Beth, forgiveness is only a prayer away.

That night I opened my Bible and talked to God. The heavy burden I had been carrying was lifted and the following morning I set aside quiet time for just God and me. The day had a new focus and although I felt sad at times, I began to see the positive things that were hiding in each day. A simple smile or “Thank you” helped others to feel special. Time spent outdoors opened my eyes to new and wonderful moments of peace and admiration for God’s creation. All the little things seemed more precious that day. A pink rose in full bloom, the chirp of a bird, and the shades of green in the landscape were all part of the Maker’s portrait. I began to see His hand in everything. Hearing His voice beside me gave me assurance and quieted my restless moments.

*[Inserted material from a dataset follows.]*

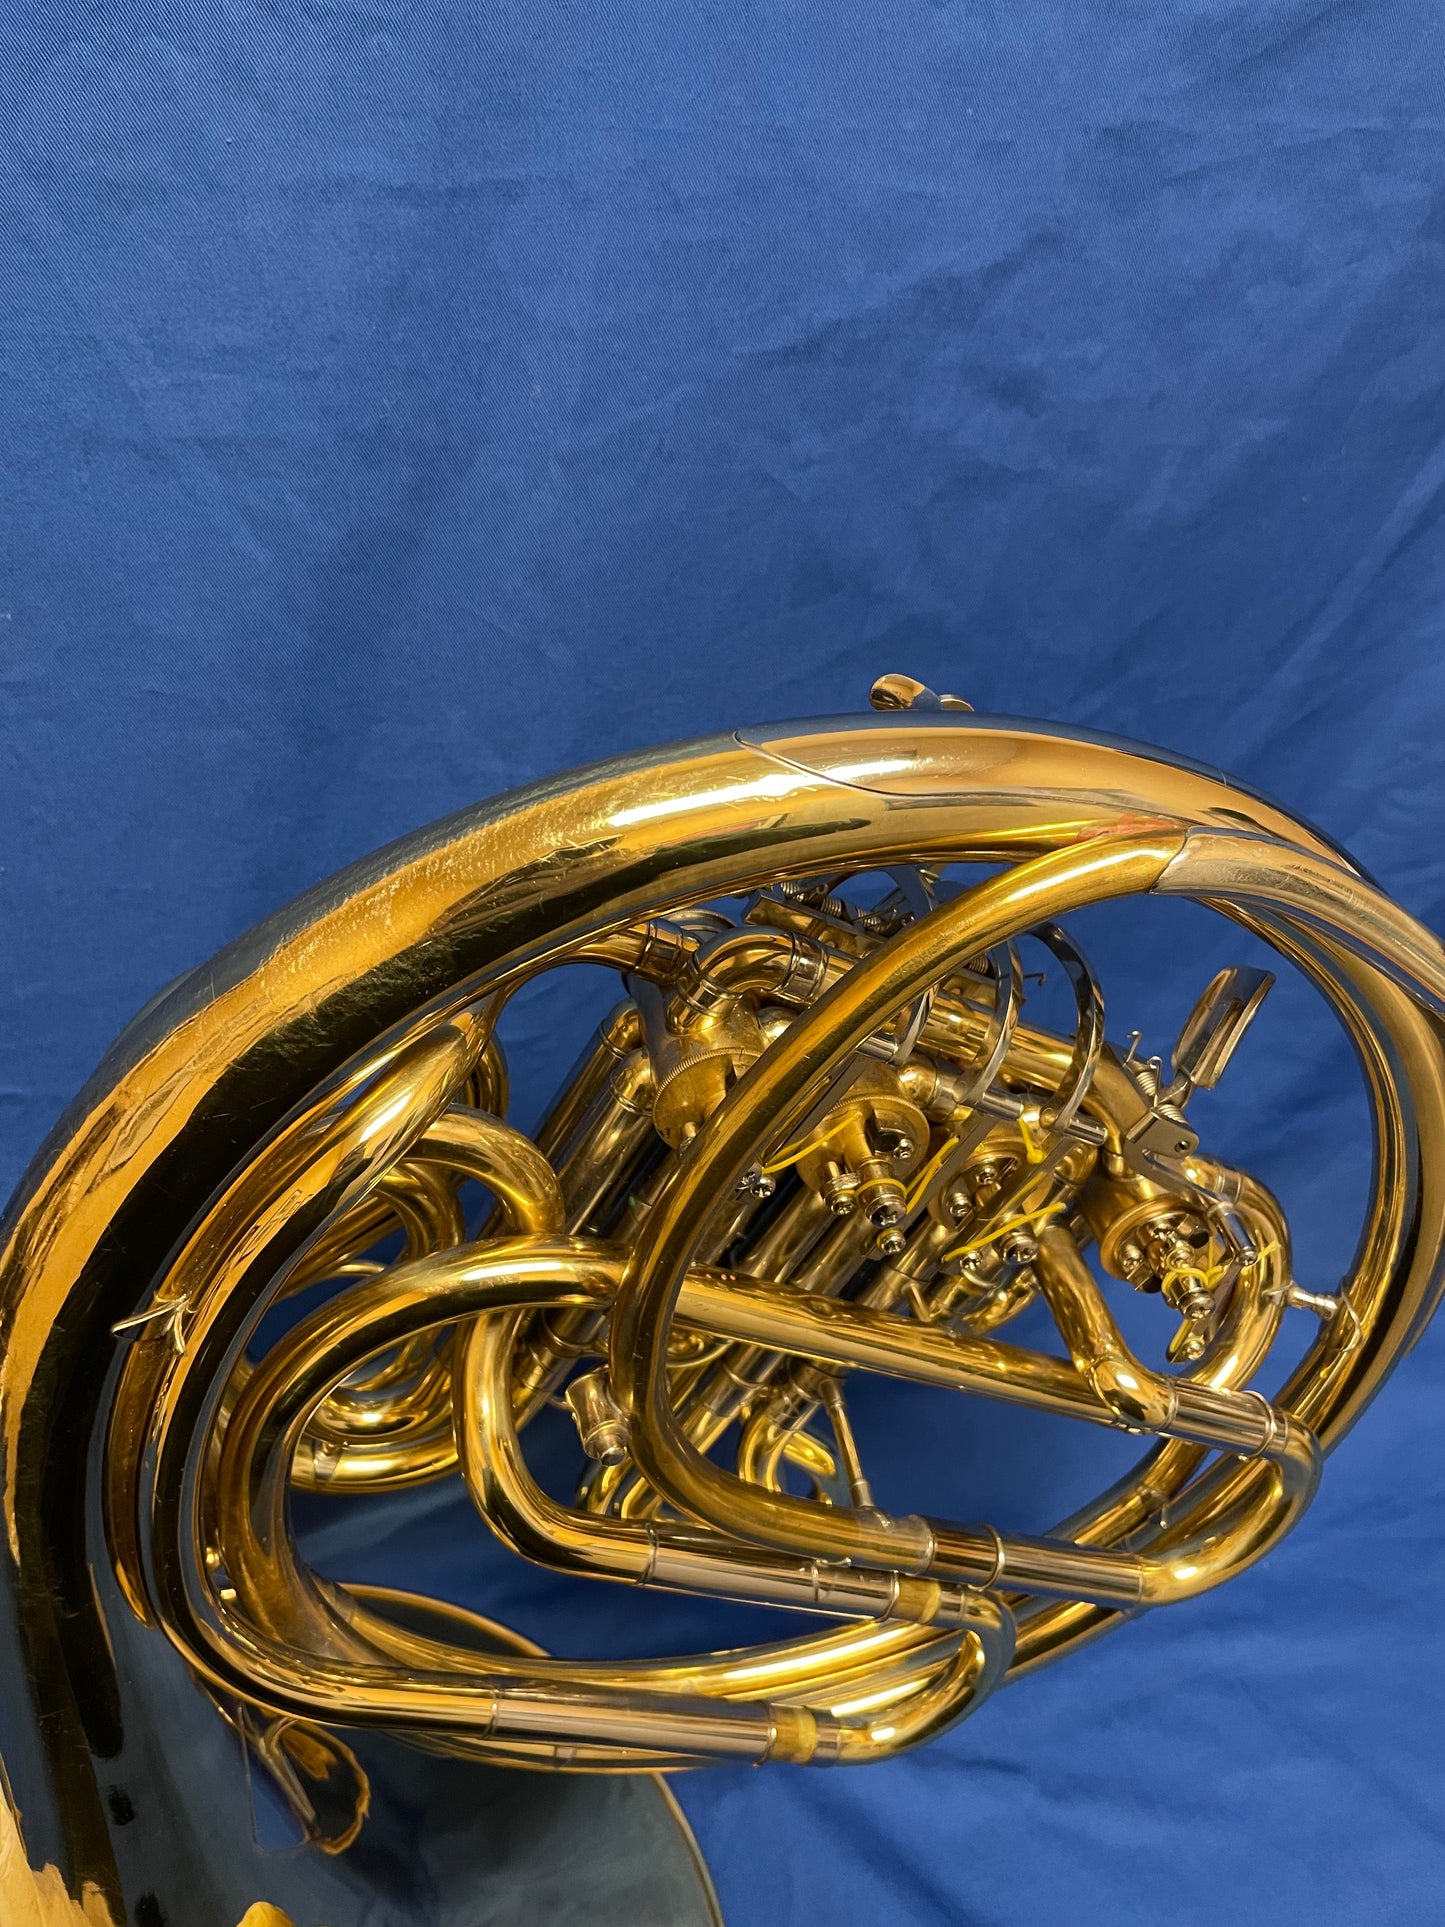 Pre-Owned Yamaha YHR-664 French Horn

Daughter, I love you and will give you the joy that you desire. Cherish each day and let me show you the way

I have discovered happiness lies within me. When God is a part of my daily life, my soul can soar with Him and the depression leaves. When I take my Heavy heart to God with an Apologetic attitude offering a Penitent prayer I can have Perfect Peace. The Yoke of bondage falls off my shoulders and Christ’s face illuminates the dark recesses of my mind. Even if the sun fails to shine each day, when the Son shines in my heart I can be happy.

Psalm 68:3 But may the righteous be glad and rejoice before God; may they be happy and joyful. (NIV)

I'm back and writing again...

Hi Everyone! For those of you who are regular readers, I have been taking a couple of months off and have been writing for a Christian website. The site has a weekly challenge and the topic changes from things like "happy", "embarrassed", "confident", or other emotions. Topics like music, children's stories, shopping, adventure or teacher are also part fo the challenge topics. It tests my ability to write on a specific topic and has a word count restriction. It has been a real learning experience.

As for other things that have kept me busy, I have made two trips to Atlanta and will be going there again this week. It's always fun to take some time to spoil my grandchildren. We have taken long weekends to visit our other boys. We haven't seen Jason yet but we are looking forward to seeing him over Labor Day weekend.

My goal for now is to try to spend more time on this blog and hopefully my brain can give me some new thoughts or stories.